Friday, August 19, 2005

Slight CONNECT BY problem....SOLVED?

It's been a while since I've been to my employers HQ. Usually, I'm stationed at my client's office, but today, me and a co-worker of mine, demo-ed a portal solution to my client.

Anyway, the presenstation went fine, and I spent the rest of the afternoon telling my colleages about a nifty little trick I picked up at the MySQL Forum. It's a not really a trick, it's actually a very clever datamodel to store hierarchical data in a relational database.

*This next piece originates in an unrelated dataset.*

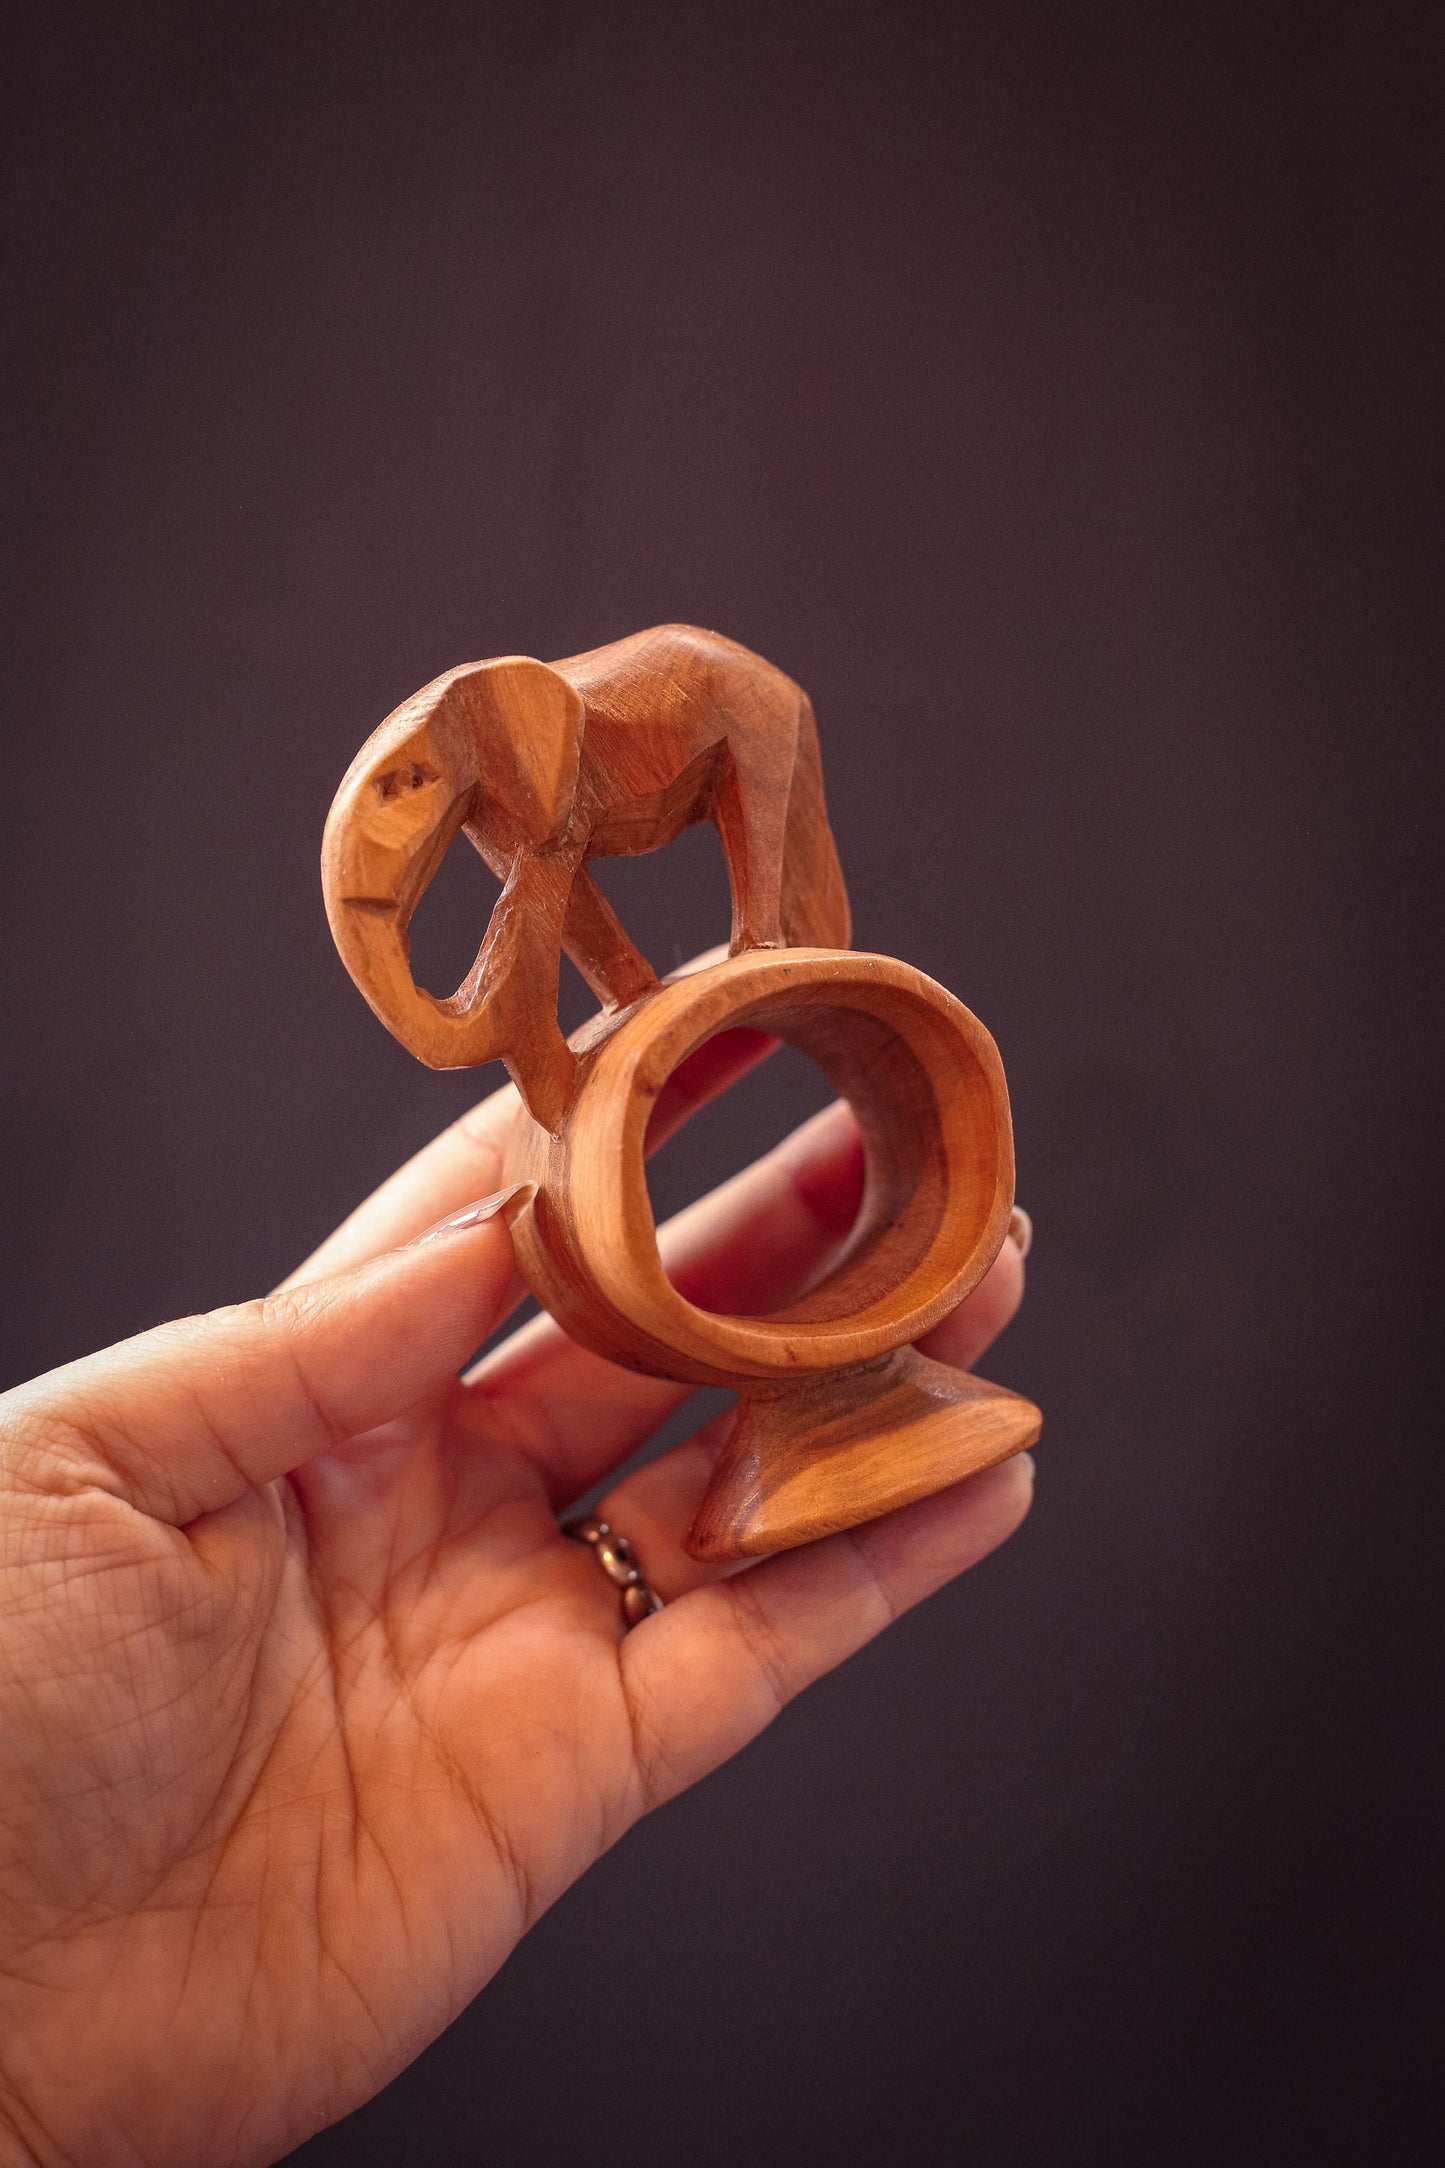 Hand Carved Wooden Animal Napkin Rings - Vintage Wood Napkin Rings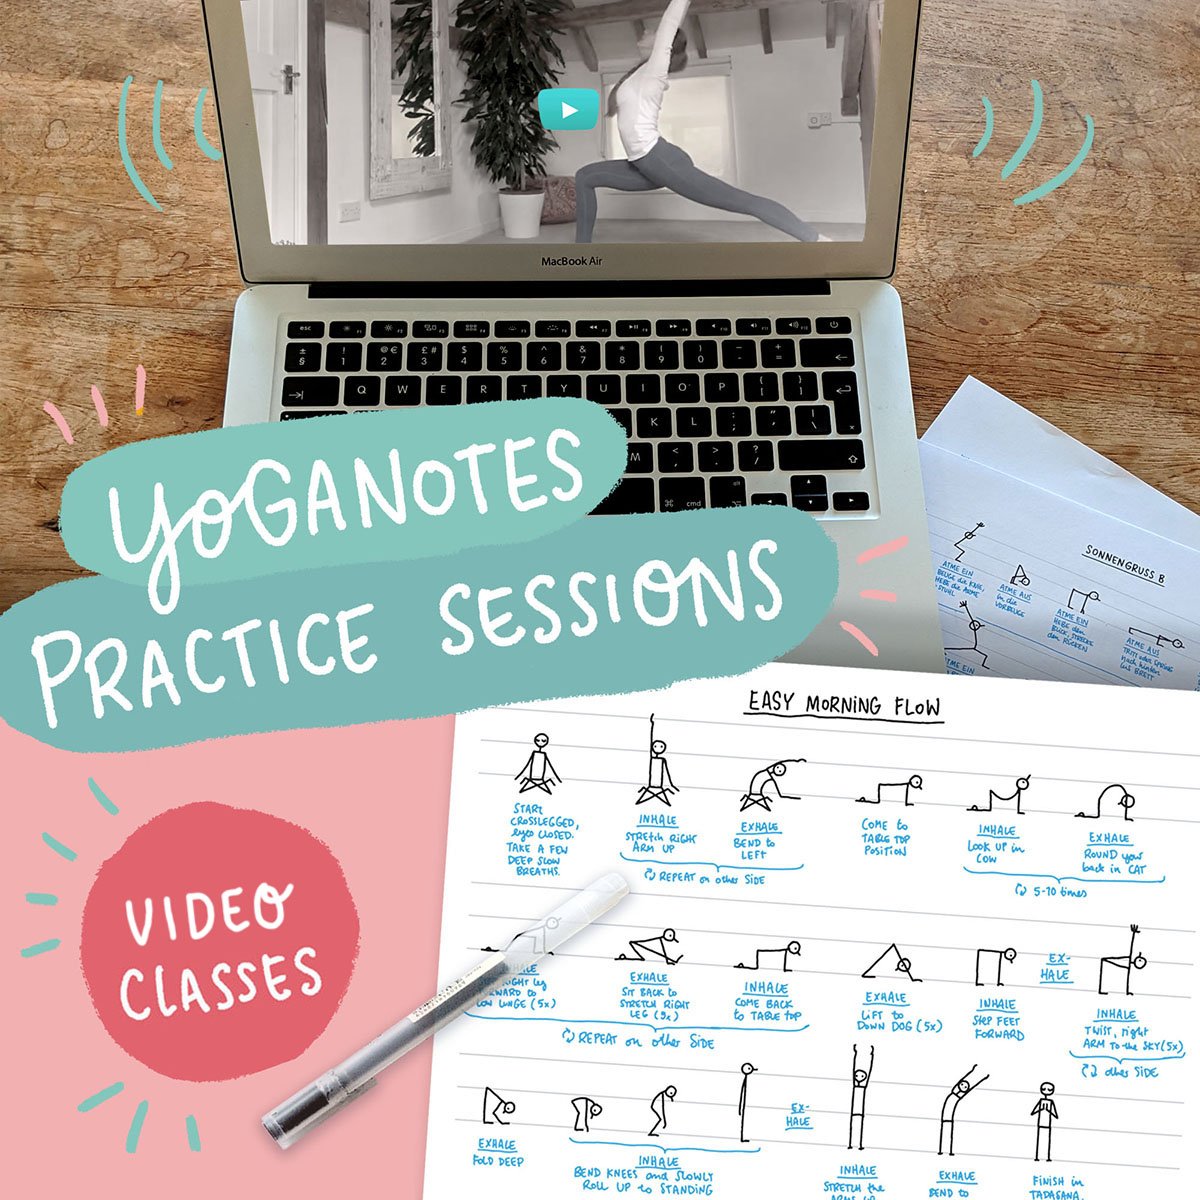 Yoganotes Practice Sessions – Video classes (English) - Eva-Lotta's Shop

Usually, this is done using the adjency list model, but because this model relies on a recursive relationship, it's a hell of a job to extract all the data relating to an entire brach of the hierarchy. The trick I picked up is the nested set model. You can read all about that over here:

http://dev.mysql.com/tech-resources/articles/hierarchical-data.html

Now, my coworker has developed a project database that uses a table to store the work breakdown structure; a typical hierarchical structure. It runs on Oracle.

Here's an example resembling his table:


create table PRODUCT(
ID NUMBER NOT NULL
, NAME VARCHAR2(30) NOT NULL
, POSITION NUMBER NOT NULL
, PARENT_ID NUMBER
, CONSTRAINT PK_PRODUCT
PRIMARY KEY(ID)
, CONSTRAINT FK_PRODUCT
FOREIGN KEY(PARENT_ID)
REFERENCES PRODUCT(ID)
)

(sorry 'bout the caps, but i extract it like this from the data dictionary)

And here's some sample data:


ID NAME POSITION PARENT_ID
---------- ---------------- ---------- ----------
1 project 1
2 hardware 1 1
20 windows bak 1 2
21 linux bak 2 2
3 software 2 1
30 schermpje 1 3
31 driver 2 3
4 migratie 9 1
41 extractie 1 4
42 laden 2 4
26 documentatie 4 1
5 systeem 1 26
128 gebruikers 2 26
6 html 1 128


So, what we're seeing here is a typical adjency list implementation, with a recursive relationship defined on the parent_id column. This column optionally references the id of the table. Now there's one extra feature in this table, the position column. The purpose of the position column is to define the order in which sibling rows should be sorted.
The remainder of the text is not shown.